おそらくあいつが言ったのだ。この二十一世紀に不釣り合いな格好をした。

 それにしても足が早かったのだろうか。声がしたとたんに振り向いたのだが。まあ、俺がボーっとしていたかもしれないが。

 俺の視線に気づいたのか紫の人影は立ち止まると。

 「私に何かあるのか、駒野くん」

 「えっ!」

 なぜ、こいつが俺の名前を知っているのだ。

 「驚くこともないだろう、普段近くにいるだろう。駒野(こまの)裕則(ひろのり)くん」

 おいおいおい、知らないぞ、こんな奴。目の前のコイツはこんな格好している奴だぞ。「ゲームから出てきたのですか?」って聞いてやろうかと思う格好だ。

 濃い青紫のローブは肩から胸にかけて大きく開いて、肩にはふわりとした同色の布を纏いっている。裾はスカートのように大きく開いていて靴だけが下から見えていた。って、靴は白い運動靴ですか?そこだけおかしくありませんか?

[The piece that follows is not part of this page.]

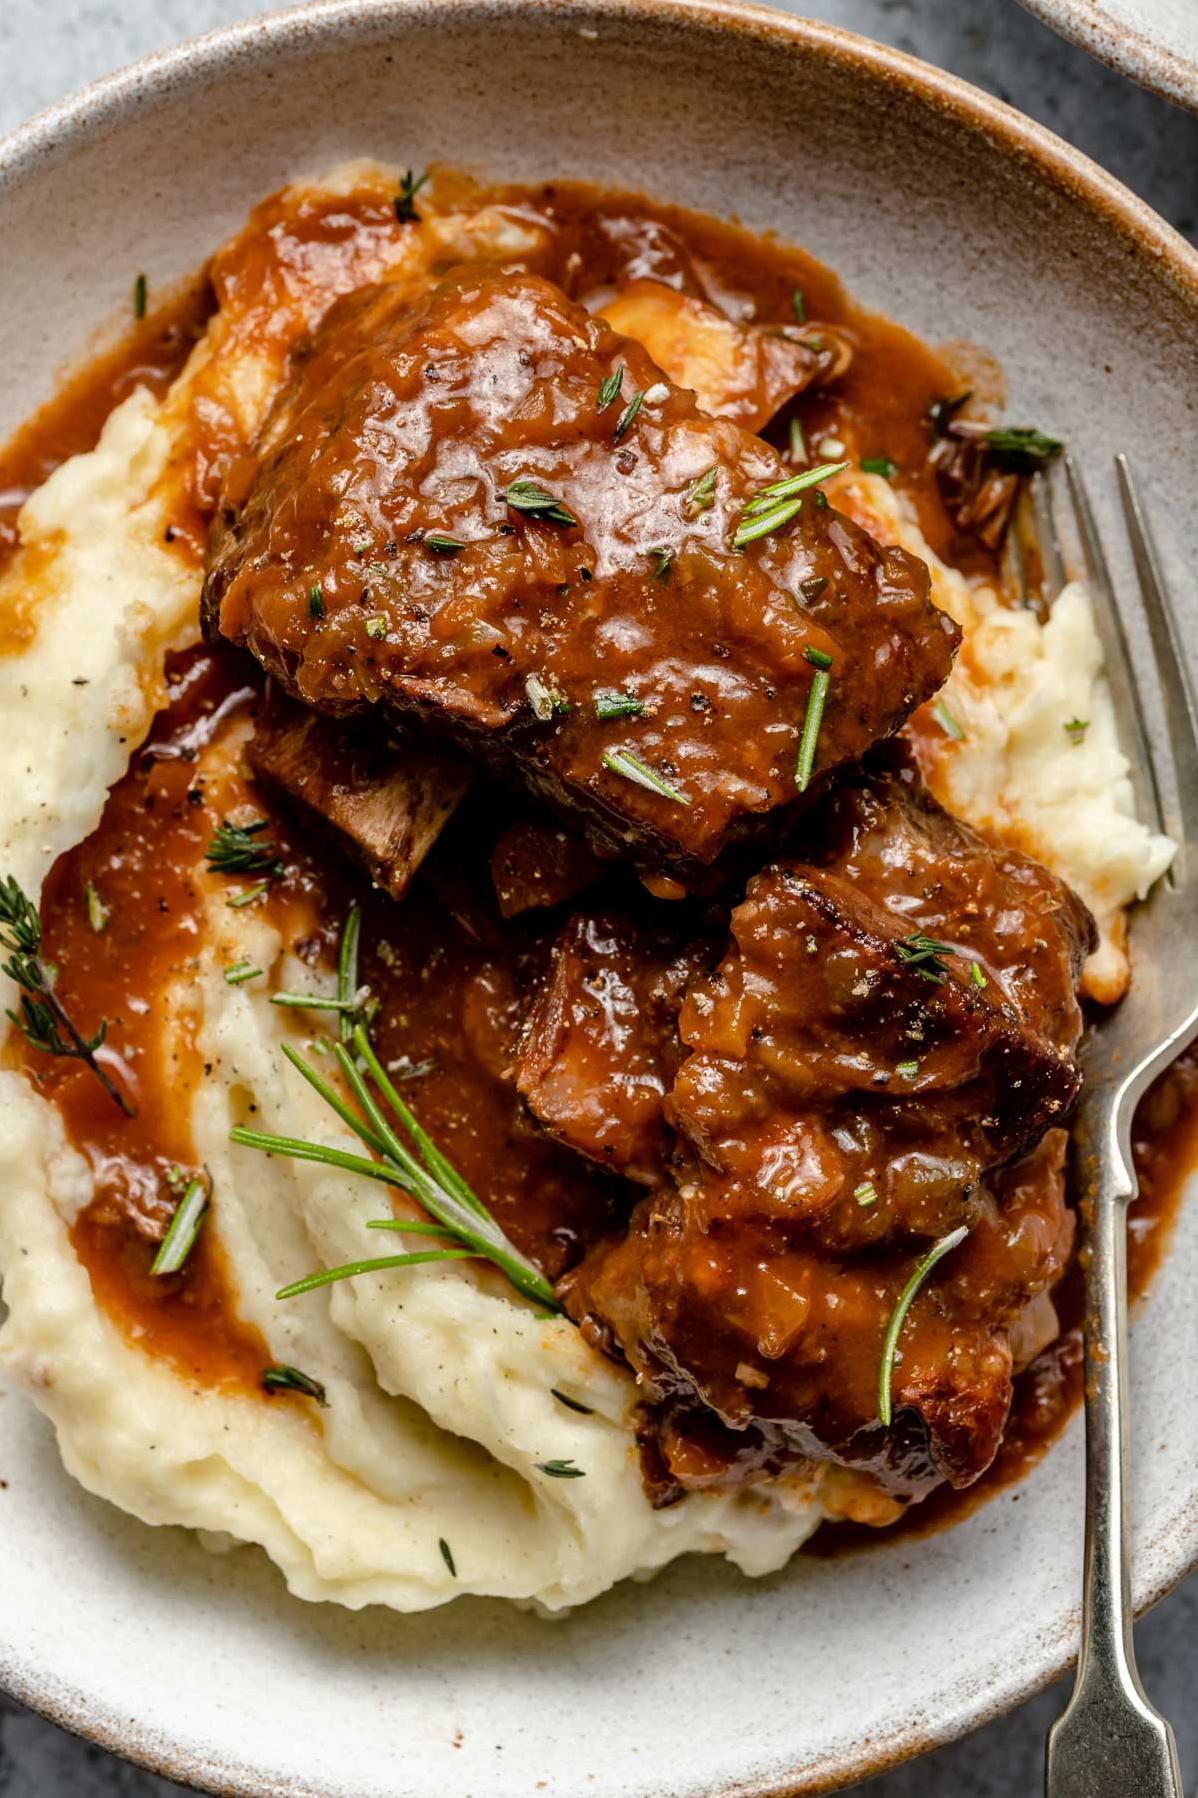  Marinated in delicious red wine, these short ribs bring a new level of flavor to the table.

 左手には身長より少し短めの棒を持っている。多分杖なのだろう。先に卵型の薄い青色をした珠が付いており、それを銀色の螺旋が包み込む。その先には三角柱の尖った槍先みたいな物が、手元は金色の細かな絵柄が入っている。全体に派手ではないがずっしりとした装飾が飾られている。

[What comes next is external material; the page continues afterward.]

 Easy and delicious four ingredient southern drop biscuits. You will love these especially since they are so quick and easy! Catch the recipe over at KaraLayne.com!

 髪型は前髪が切り揃えられ、耳の前を脇の髪が細く、長く、垂れている。後ろの髪の毛の大部分は頭の後ろで大きくまとめられている。そこからさらに端が腰まではあり、しなやかな黒髪が風に揺られて背中を撫でていた。

 やっぱり知らない奴だ。俺の名前はきっとコイツが魔法でも使って知ったのだろう。そんなわけないか。ははっ。何処かで偶然知った名前をコイツが覚えていたのではないのか。じゃあ、何処で知ったんだろうか。

 モヤモヤと考えているうちに、少女は居なくなっていた。

 部屋に戻ると時計は七時半を回っている。